Quando, a 14 de Junho, se realizou o jogo de abertura do Mundial 2018, é provável que Gianni Infantino tenha antecipado os 31 dias que se iriam seguir com apreensão. As ameaças de terrorismo e de hooliganismo; a tensão política entre o Kremlin e meio Mundo, faziam da opção de oferecer a prova à Rússia uma aposta de risco. Porém, após uma maratona de 64 jogos, o presidente da FIFA entregou a taça de campeão do mundo à França encharcado, mas livre de qualquer embaraço. Após um Mundial quase perfeito, a Rússia (e Vladimir Putin) respirou de alívio. Mas o que fica para os russos após o fechar da cortina? Para Sara Alcântara, um das poucas portuguesas que vivem em Moscovo, um dos maiores legados deste Mundial é “deixar claro que a Rússia não é um bicho-de-sete-cabeças”.

Moscovo é uma metrópole frenética com quase 12 milhões de habitantes, mas encontrar portugueses na capital da Rússia é mais difícil do que descobrir uma agulha num palheiro. Sendo óbvio que lusofonia não rima com Moscovo, há quem tente remar contra a realidade. Sara Alcântara tem 31 anos, mas uma década de experiência russa. Em 2007, quando frequentava o curso de Línguas e Literaturas Modernas, aproveitou um intercâmbio para aprender russo durante um mês. Gostou. Encontrou em Moscovo “uma cidade fascinante”. Mudou-se definitivamente para a Rússia em 2012.

E, em seis anos, a actual directora pedagógica do Centro de Língua e Cultura Portuguesa ficou a perceber que é difícil criar laços com conterrâneos. Na Rússia, diz em conversa com o PÚBLICO, há “uma emigração diferente”, que “não é para todos”. Há quem veja o país do Kremlin como algo “misterioso e desconhecido”, mas a crise também não ajuda. “Antes da queda do rublo, havia bastantes portugueses. Nessa altura um grupo de 10 a 15 pessoas saía com regularidade. Em seis meses desapareceram todos.

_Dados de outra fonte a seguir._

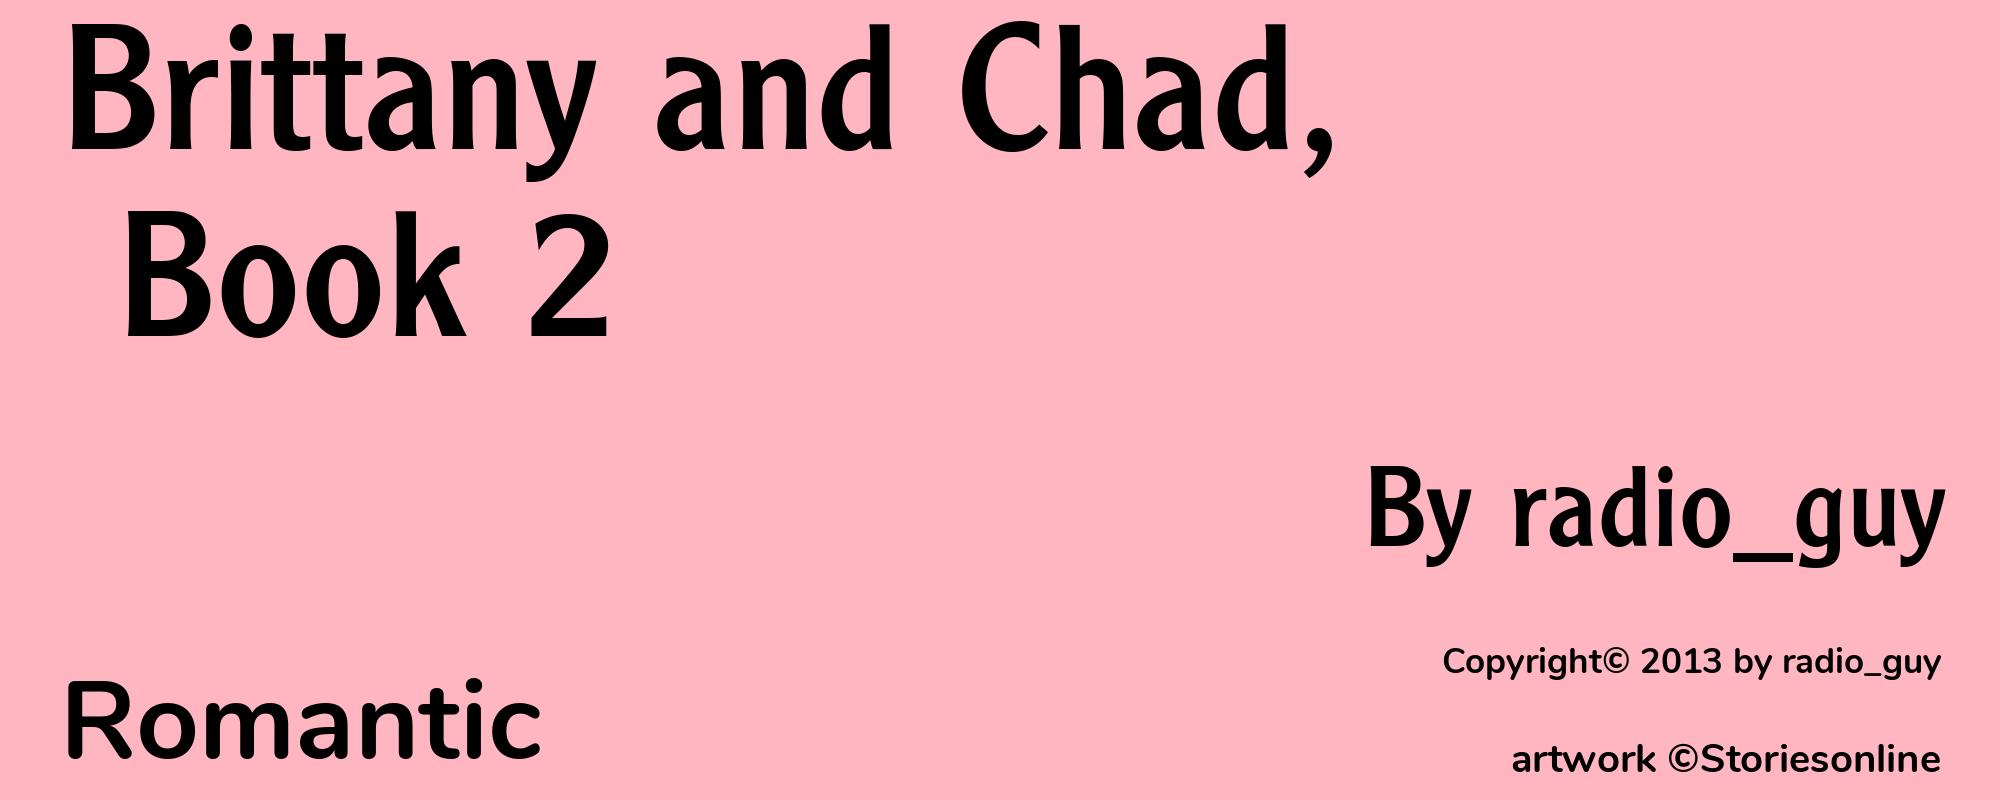 Brittany and Chad, Book 2 - Cover

Trabalhavam em empresas internacionais e deixou de ser rentável estar na Rússia”, explica.

Sara Alcântara, no entanto, não poupa nos elogios a Moscovo, uma “cidade cosmopolita, moderna e aberta, com imensas possibilidades culturais”, que ficou “ainda mais moderna” com as obras feitas para receber o Mundial. Para um país habitualmente associado a uma imagem sisuda e fechada para o resto do mundo, a viseense espera agora que ao upgrade na qualidade de vida se associe uma viragem na imagem do país. 

“Há uma série de estereótipos que já não correspondem à realidade. A União Soviética já acabou há muitos anos e o Putin não é a Rússia. Nas maiores cidades, a maioria das pessoas não o apoia”, refere esta portuguesa. Sem rejeitar que o actual presidente russo teve “um papel importante, trazendo estabilidade, naqueles loucos anos 90 onde a Rússia era um faroeste”, Sara Alcântara considera que a permanência de Putin no Kremlin “arrasta-se há demasiado tempo, mas na Rússia moram pessoais normais, com os mesmos problemas dos restantes europeus”. “A projecção internacional neste momento é menos positiva, mas é inegável que essa é também uma questão política”, conclui.